The recent death of Abigail Thernstrom, 83, my friend and longtime colleague at the Manhattan Institute, prompts reflection on the amazing trajectory of her political life. Thernstrom was raised in a New York suburb by parents who were Communist Party members, and she attended the Little Red School House high school. She transitioned to an illustrious scholarly career, culminating in America in Black and White: One Nation, Indivisible, coauthored with her historian husband, Stephan. The Thernstroms’ 1997 book was a revealing and dispassionate overview of racial progress and problems in the U.S., but also a rebuke of Communism and the tactics that the party pursued during her childhood.
During Abby’s youth—for a time, spent on a collective farm—Communist propaganda and strategy was suffused with race-related themes, from the Party’s “self-determination” campaign in the South’s Black Belt to its nomination of James W. Ford, the son of an Alabama mine worker, as its 1932 vice presidential candidate. Meantime, the brilliant propaganda art of Hungarian-born Hugo Gellert featured the first poster images of a noose around the neck of a lynching victim. (Gellert also painted the first poster of the peace dove that became a central part of Vietnam War protests.) The Party took up the cause of the Scottsboro Boys, nine black Alabama teenagers falsely accused of raping two white women in a railroad car. And it was the Party, along with the NAACP, that successfully appealed their convictions, ultimately overturned by the Supreme Court due to the lack of African-American representation in the jury pool.
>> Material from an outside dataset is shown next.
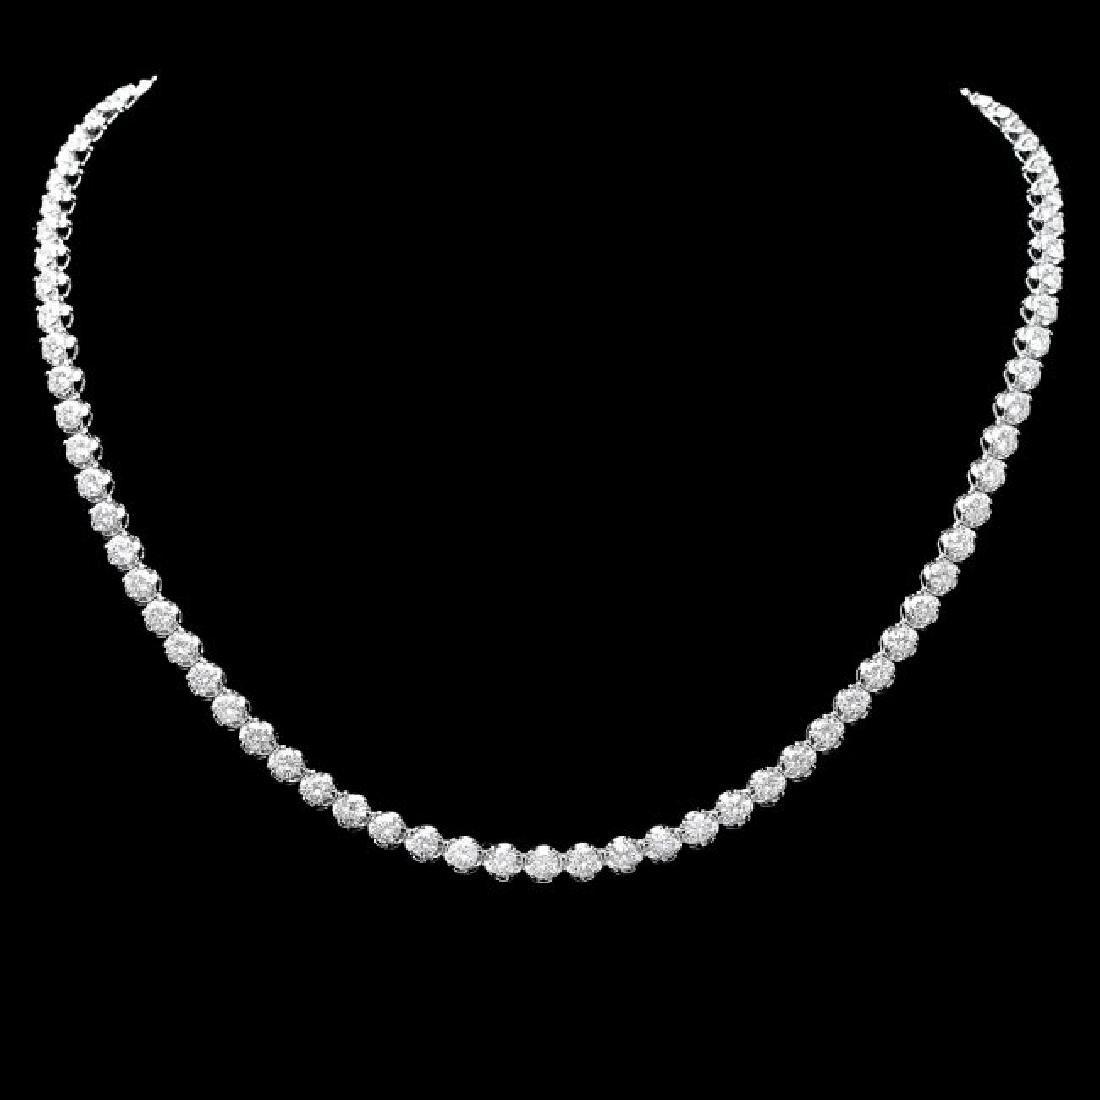 18k White Gold 14.00ct Diamond Necklace

The Party wasn’t wrong about racial injustice, but Communists, whether in mass rallies or the pages of the Daily Worker, used race as a cudgel against capitalism, writ large. Blacks were long the most oppressed by America’s economic system. This necessitated change—root and branch. Civil rights laws were mere Band-Aids. That would be the message of Communism’s cultural spear-carriers such as Pete Seeger, who not only sang “We Shall Overcome” but also “The Banks Are Made of Marble,” which tells the story of financiers auctioning the foreclosed home of a “weary farmer,” while “the banks are made of marble / with a guard at every door.” Or Paul Robeson, who not only sang “Ole Man River” and “Songs of Freedom” but also died an expatriate in Moscow.
It was this use of racism as a case-closed argument against capitalism that Abby, and Steve, would ultimately reject. She never turned her back on concern for African-Americans, but she questioned—and then disproved—the Left’s critique, so persistent today. America in Black and White combined an unblinking narrative account of Jim Crow in the South and racist social attitudes in the North with an equally clear-eyed story of blacks’ breathtaking postwar economic progress.
“The Second Great Migration brought about an enormous improvement in the kinds of jobs held by African Americans and in the incomes they earned,” the Thernstroms wrote. “In many respects, the pace of progress was more rapid before the civil rights legislation of the 1960s and the affirmative action policies that began in the late 1960s than it has been since.” They continued: “In 1940, only one out of ten black men had any kind of white collar or skilled manual job, a rough but reasonably good indicator of what it means to be ‘middle class.’ By 1960, this middle-class had expanded to include almost one of four African-American males.”
America in Black and White is a brilliantly told narrative that brings together the skills of Stephan the historian and Abby the political scientist. Stephan, too, had started on the political left. Together, he and Abby clearly understood the political and policy implications of their findings: affirmative action might be a cure for a diminishing disease; traditional public education must be failing black children, who, in the past, had used education to advance economically.
Abby once told me that Time was about to put her and Steve on its cover for a review of their work. They were bumped by the news of Princess Diana’s death. Now, sadly, the news of her death is lost in the wake of so many others, from Covid-19. But her evolution from the far Left to the sensible center is a timeless story, and an example one can hope will be widely followed.